Topography of Aganippe Fossa

This colour-coded topographic image shows Aganippe Fossa, a winding groove at the base of the giant Arsia Mons volcano on Mars. The image was created using data collected by ESA’s Mars Express on 13 December 2023 and is based on a digital terrain model of the region, from which the topography of the landscape can be inferred. Lower parts of the surface are shown in blue and purple, while higher areas are shown in white and red, as indicated on the scale at the top right. Credit: ESA/DLR/FU Berlin

These terrains are characteristic of Arsia Mons’ ring-shaped ‘halo’, a 100,000 square kilometre disk around the base of the volcano, possibly associated with ancient glaciers. Interestingly, this halo is only built up on the northwestern flank of the volcano, probably because prevailing winds from the opposite direction determined where ice settled over time.

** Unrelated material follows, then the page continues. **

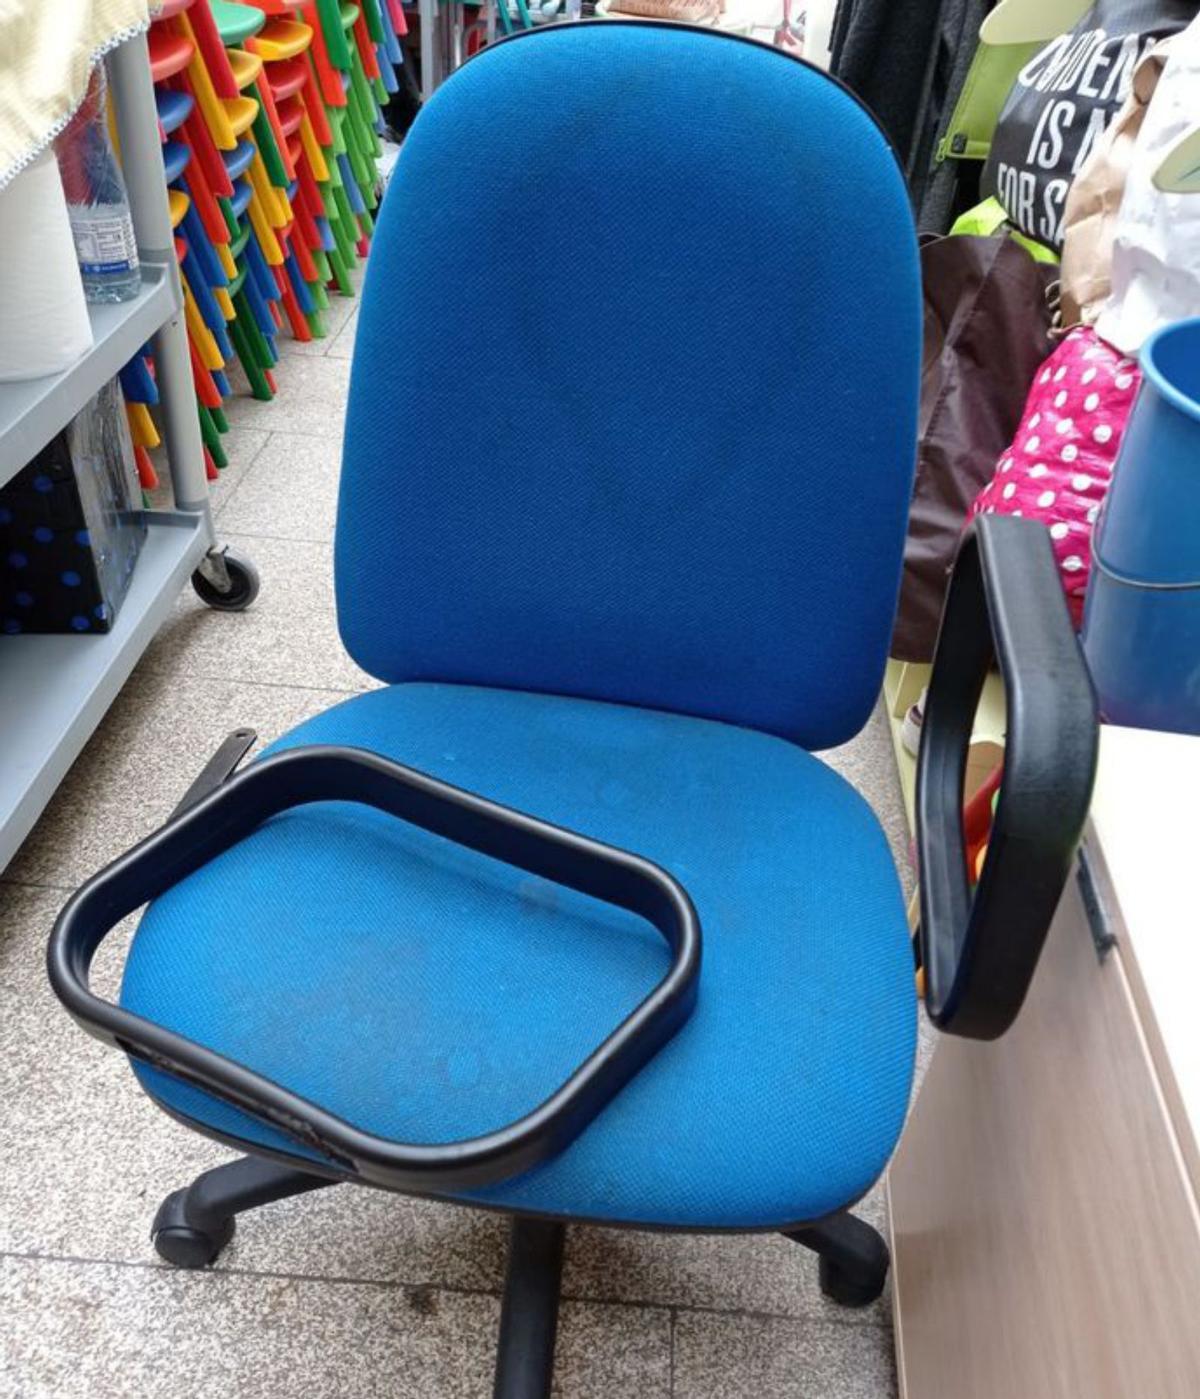 A cadeira facilitada á traballadora / cedida

Windblown dust and sand have also shaped this patch of Mars, creating interesting zebra-like patterns on the right of the image as darker material is deposited on lighter ground (or vice versa!). The surface here also shows evidence of lava flows, dating back to the time when the volcano was active.

Aganippe Fossa in 3D

This stereoscopic image shows Aganippe Fossa, a winding groove at the base of the giant Arsia Mons volcano on Mars. The anaglyph provides a three-dimensional view when viewed through red-green or red-blue glasses. Credit: ESA/DLR/FU Berlin

Exploring Mars

Mars Express has been orbiting the Red Planet since 2003. It is imaging the Martian surface, mapping its minerals, identifying the composition and circulation of its thin atmosphere, investigating the subsurface of the Martian crust, and studying how various phenomena in the Martian environment interact.

The spacecraft’s HRSC, responsible for these images, has revealed much about the diverse surface of Mars over the past 20 years. The images reveal everything from wind-sculpted ridges and grooves to sinkholes on the flanks of colossal volcanoes to impact craters, tectonic fractures, riverbeds and ancient lava pools. The mission has been enormously productive throughout its lifetime, delivering a far more complete and precise understanding of our planetary neighbor than ever before.

The High Resolution Stereo Camera (HRSC) on the Mars Express spacecraft is an advanced imaging system designed to study Mars in great detail. Launched by the European Space Agency (ESA) in 2003, the HRSC produces high-resolution, three-dimensional images of the Martian surface, allowing scientists to study the planet’s topography and morphology in unprecedented detail. This camera system uses stereo imaging techniques to produce color images along with topographic maps, allowing researchers to analyze the geology, composition, and physical processes of Mars. The HRSC has been instrumental in providing insights into the planet’s past water activity, volcanic activity, and other dynamic processes.